Half term arts and crafts on a budget using recycling

Half term arts and crafts on a budget using recycling

Arts and crafts can be a cheap half term activity – if you use household items destined for the recycling bin – while also allowing imaginations and educational opportunities to flourish.

We know you will be reusing your plastic bottles to refill your favourite Bio-D products, so here are some other household items you and the kids can transform.


Empty Bio-D washing powder bag

If you’ve used all your Bio-D washing powder, why not turn the paper bag into a crown or a kite?

For a crown, cut the top and bottom ends off the bag. On one end, cut the points for your crown (or tiara), and colour some jewels and gems to make it sparkle. Simply fold the bottom of the crown up by an inch or two to help support it, and you’re good to go!
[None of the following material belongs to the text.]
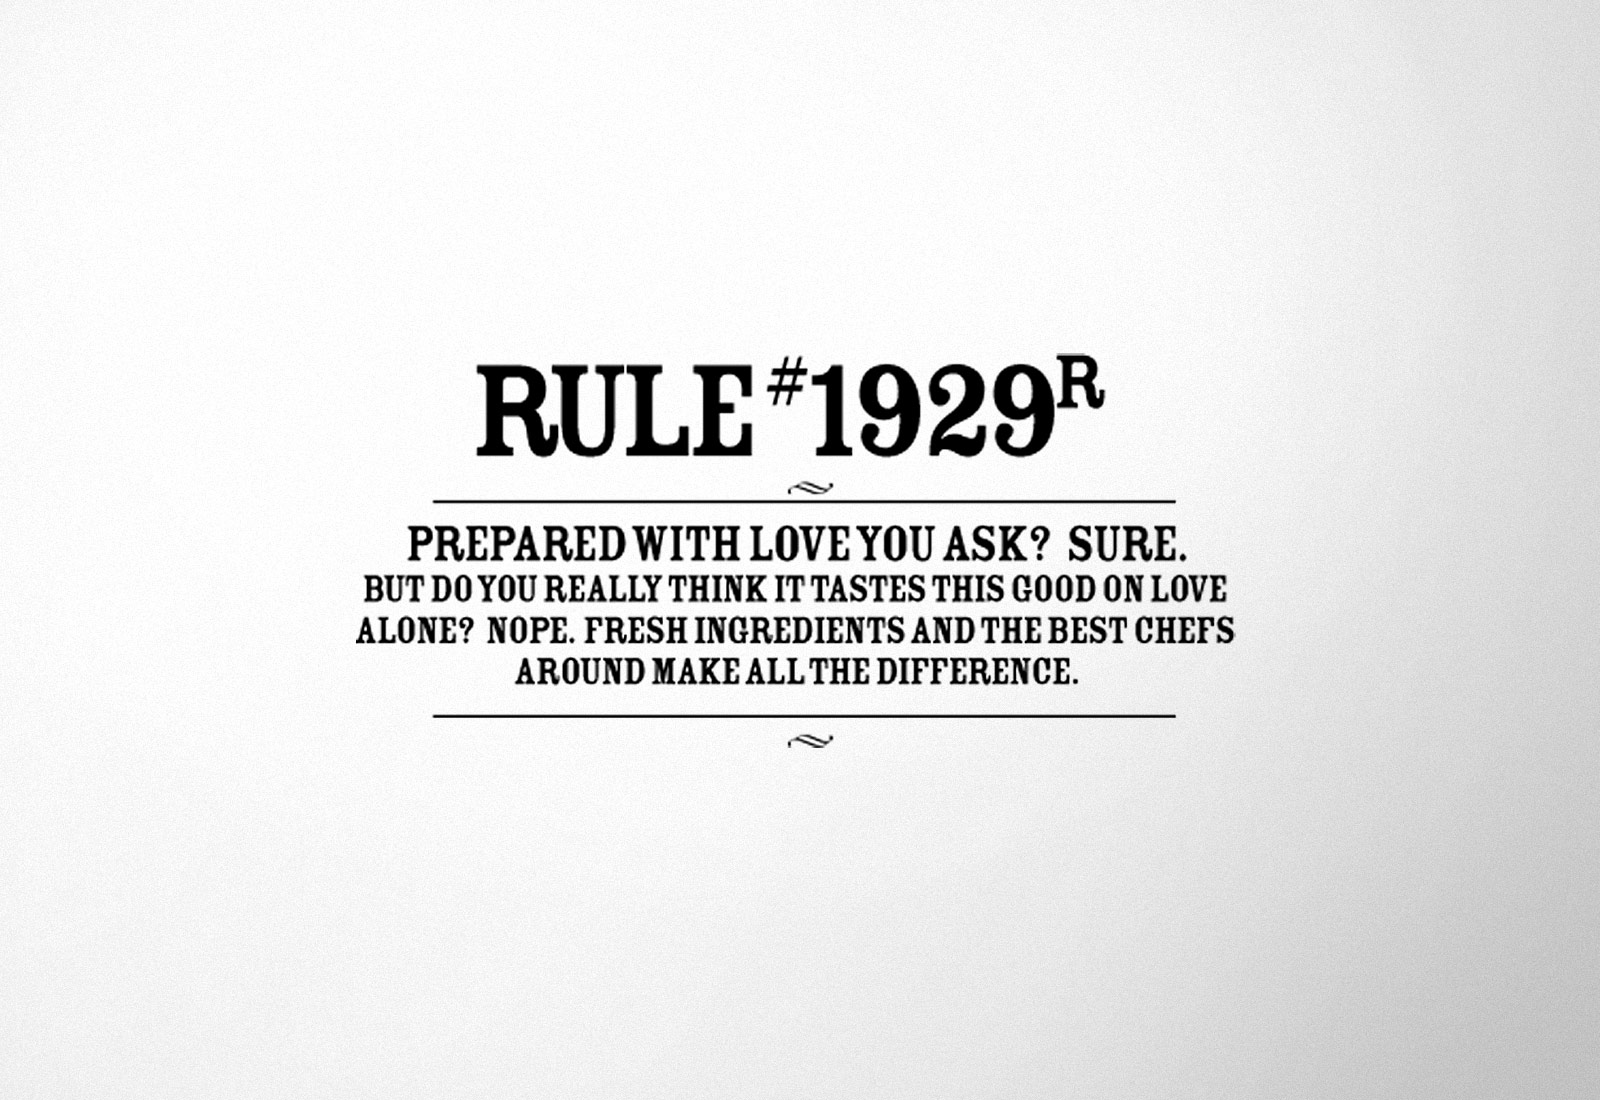 Rule 1929R

For a kite, draw your chosen pattern on the paper bag (maybe stick some tassels or ribbons to it as well) and attach four pieces of string around the open end. Tie the pieces of string together to make a handle, and it’s ready for flying.
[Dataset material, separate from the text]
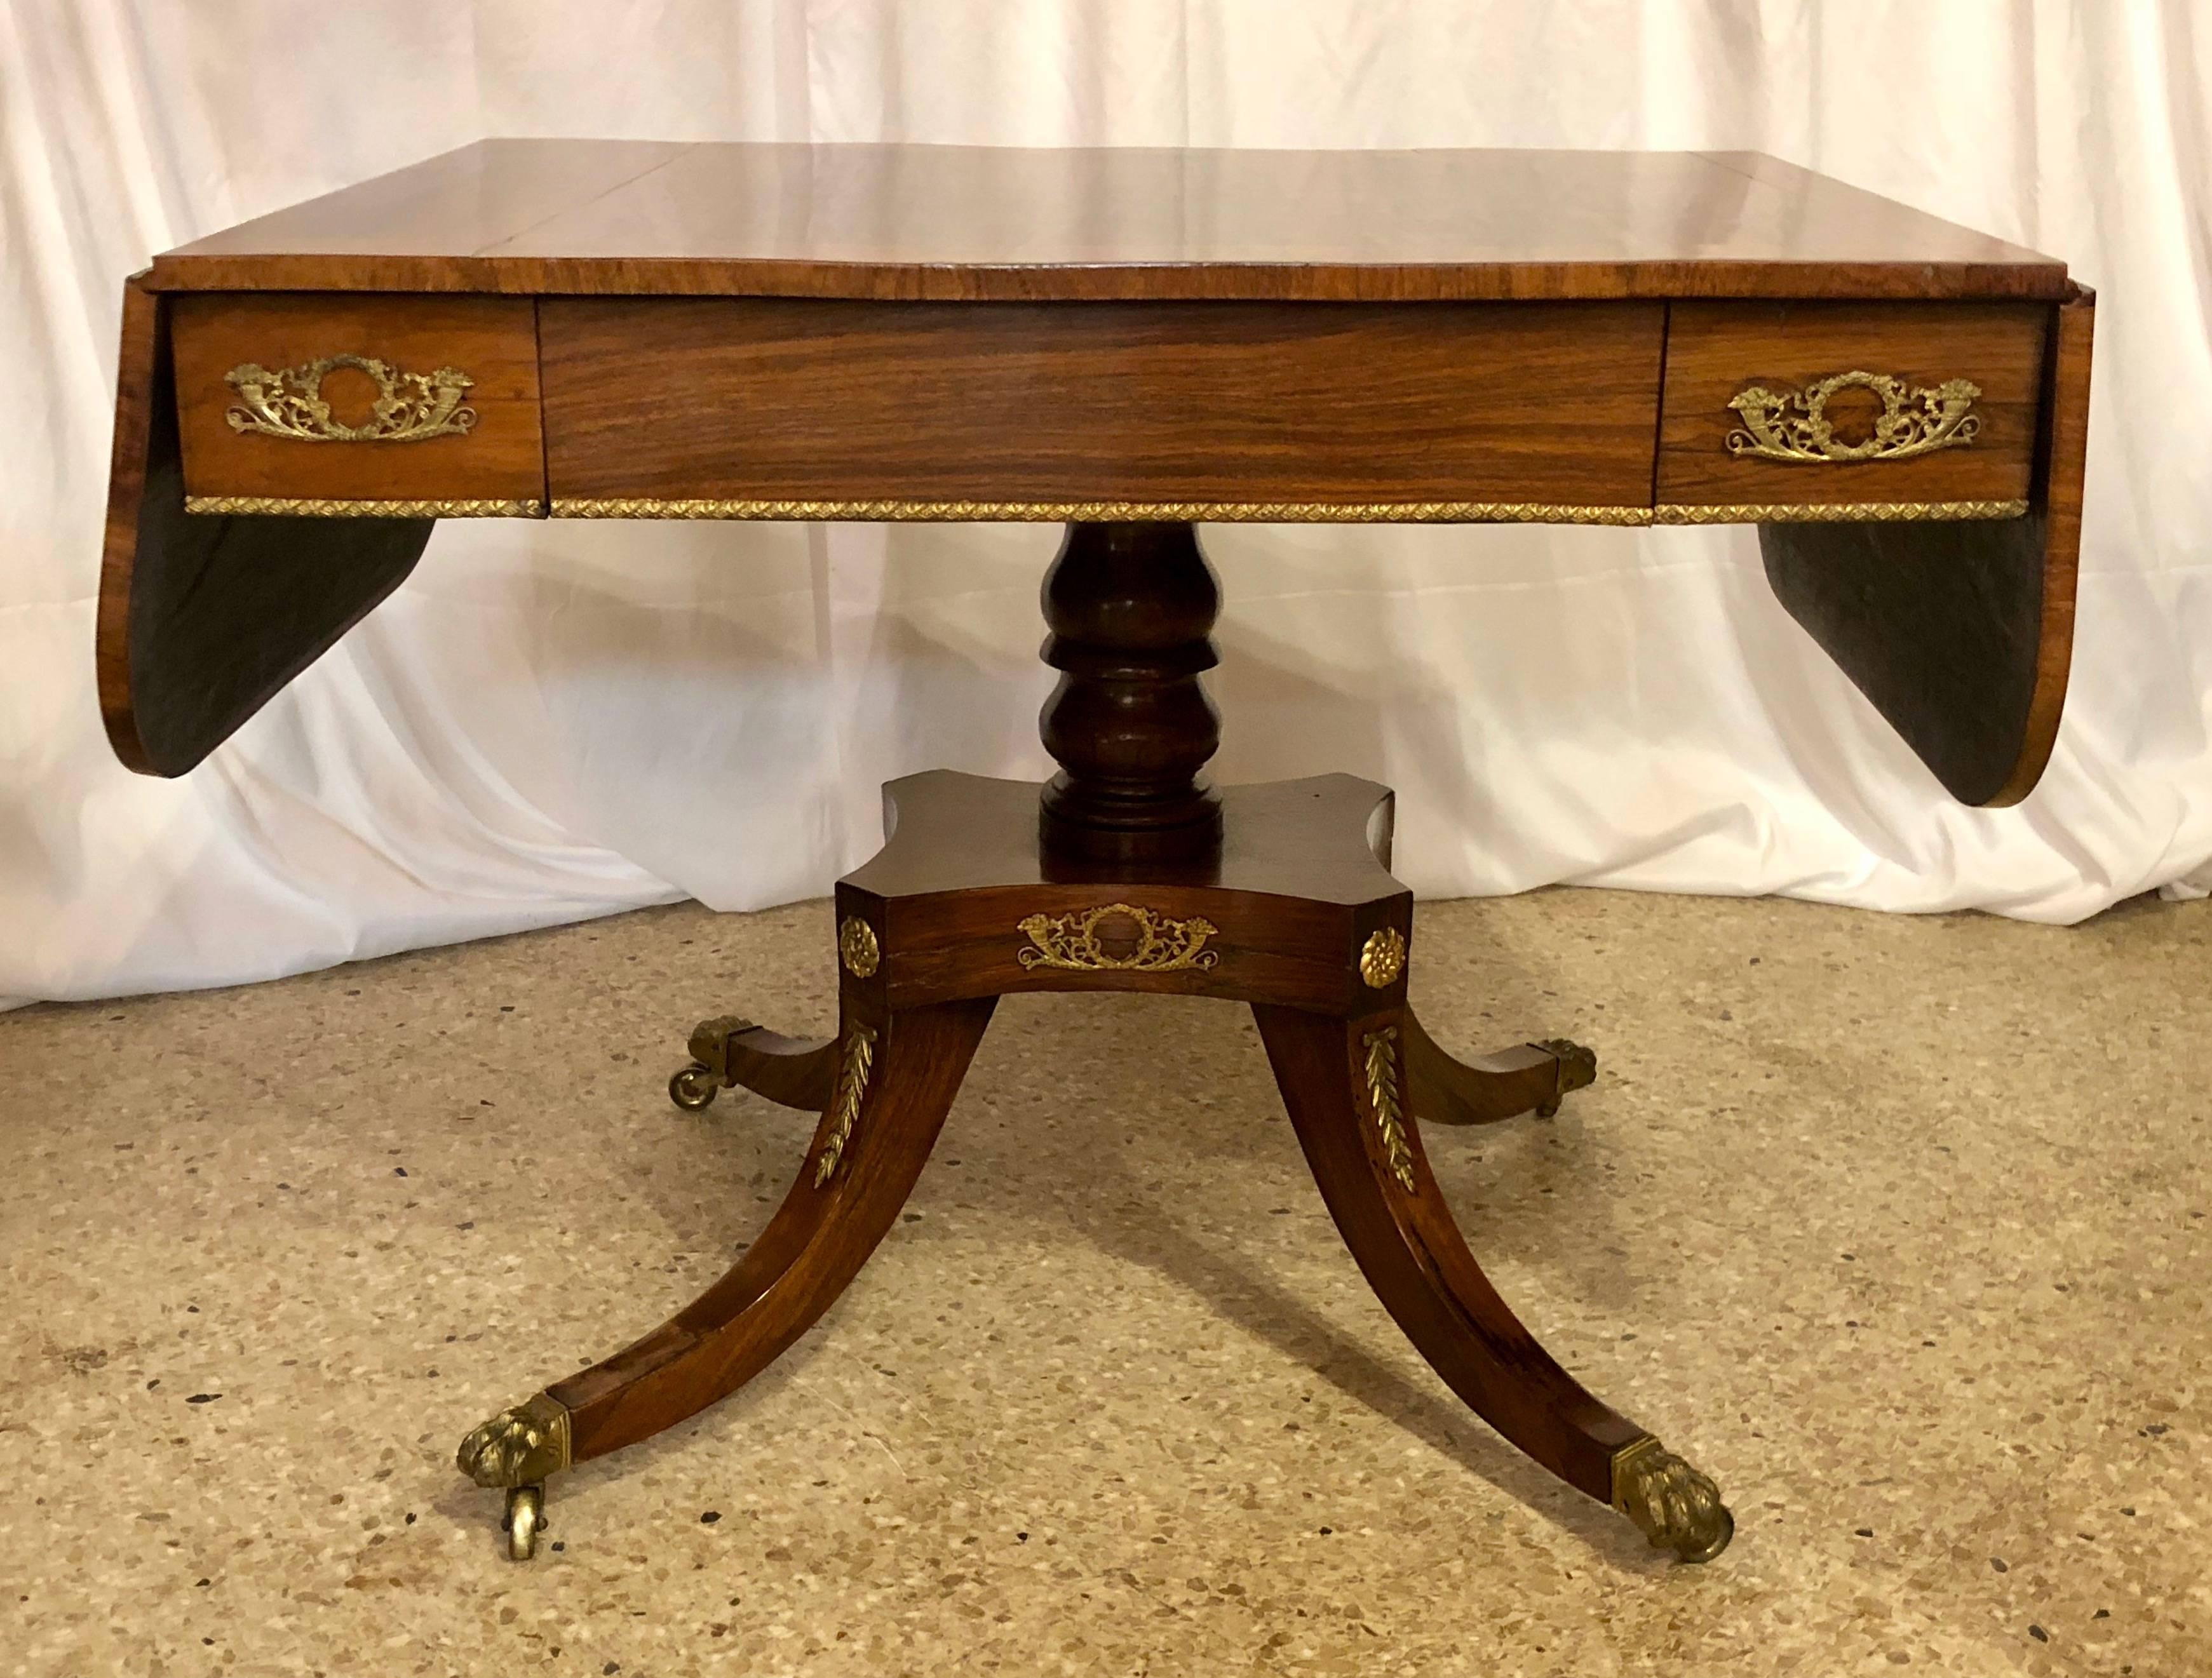 Antiker Regency-Sofatisch aus Palisanderholz mit Verzierungen aus Satinholz, um 1830-1840. Dieser hübsche Tisch wäre eine wunderbare Ergänzung für jedes Haus. Rosenholz ist ein wunderschönes Holz.

Empty Bio-D laundry bleach and Nappy Fresh boxes

Become a sustainability superhero with a mask made from leftover cardboard. Cut the sides from your chosen box and turn the pieces over so you have the plain cardboard. Draw your chosen mask shape, make it as colourful as you want and carefully cut it out. Use scissors to cut out the eyeholes and to pierce a hole at either end. Thread through some string or elastic and you’re ready to take on your chosen villain.


Meal delivery boxes

Before putting your boxes straight into the recycling, why not have some fun with them first? Use your favourite crayons and some scissors to make the perfect imagination hideaway such as a doll’s house, space rocket, haunted castle or steam train.


Empty toilet roll

If you’ve got a big family, one of the items constantly filling your recycling bin will be cardboard toilet roll tubes. But, before being recycled, they can be a brilliant base for arts and crafts.

You can create a fairy house by cutting an archway into one end of the tube and then cutting out or drawing on some windows. Create a coned roof out of a second toilet roll, which you can then glue on. If you have any moss or flowers from the garden, you could also attach them. Once you’ve decorated the fairy house, you can place an LED tealight into the cut-out arch and wait for the fairies to arrive.

Another way to use up empty toilet rolls is by creating a snake. Cut each toilet roll into three sections and then paint them whichever colours you fancy – don’t forget to use two pieces for the head and the tail. Thread a piece of string through the sections and tie one end, leaving a long piece of string at the front of the snake so you have a handle to pull it along.


Juice boxes

Once you’ve finished your drink, grab your paints to create some makeshift walkie talkies. Paint the box black and, once that coat has dried, use white or light grey to paint on details such as buttons and speakers. Use the straws as antennae.


Packing peanuts

If you’ve received a parcel recently and it contains packing peanuts, you can see if they’re biodegradable by putting one in water and seeing if it dissolves.

You can paint them to look like bees, butterflies or even people, but you’ll need to be careful what paint you’re using. If the peanuts are biodegradable, you will need to use non water-based paints.


Old magazines

You can make papier mâché from old magazines or newspapers using glue made from flour and water, making it free from any nasty chemicals.

Form your papier mâché around plastic bowls, then stick two pieces together and paint them to create dinosaur eggs, or put the papier mâché into a muffin tin to create the base for seed pots.